Quote exactly, and only, the lines of the material below from the line with "Valencia People shopping" through the line with "Backpack - Black".

Extracted material

■ ■ ■ ■

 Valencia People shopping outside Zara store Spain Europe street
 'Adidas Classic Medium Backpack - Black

■ ■ ■ ■

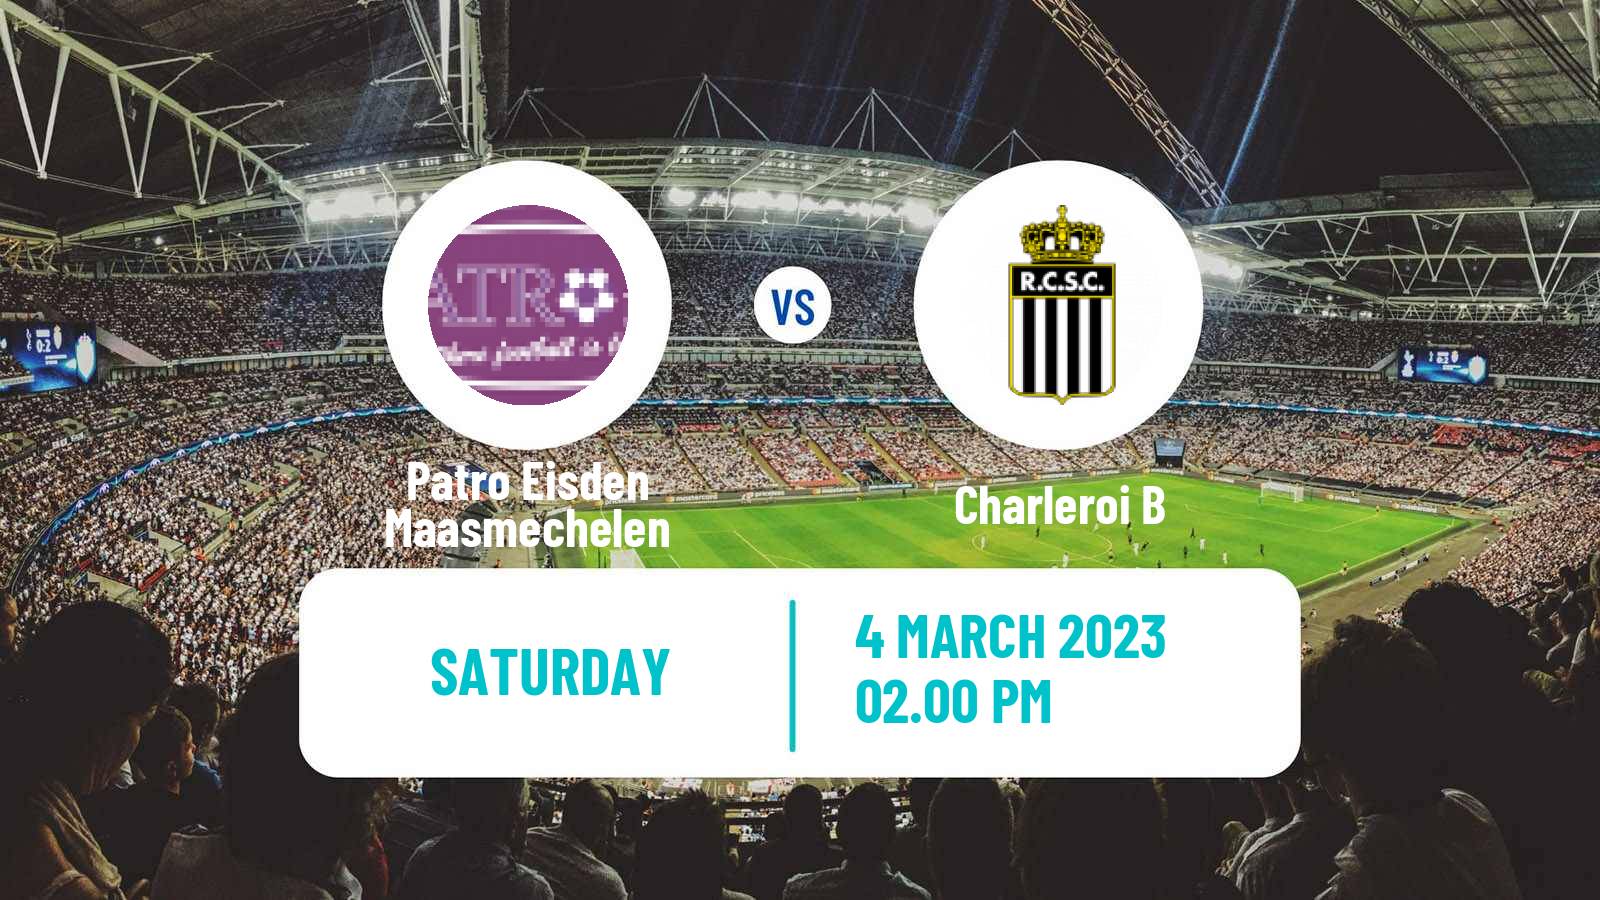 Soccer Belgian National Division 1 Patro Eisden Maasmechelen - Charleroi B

■ ■ ■ ■

Solution
 Valencia People shopping outside Zara store Spain Europe street
 'Adidas Classic Medium Backpack - Black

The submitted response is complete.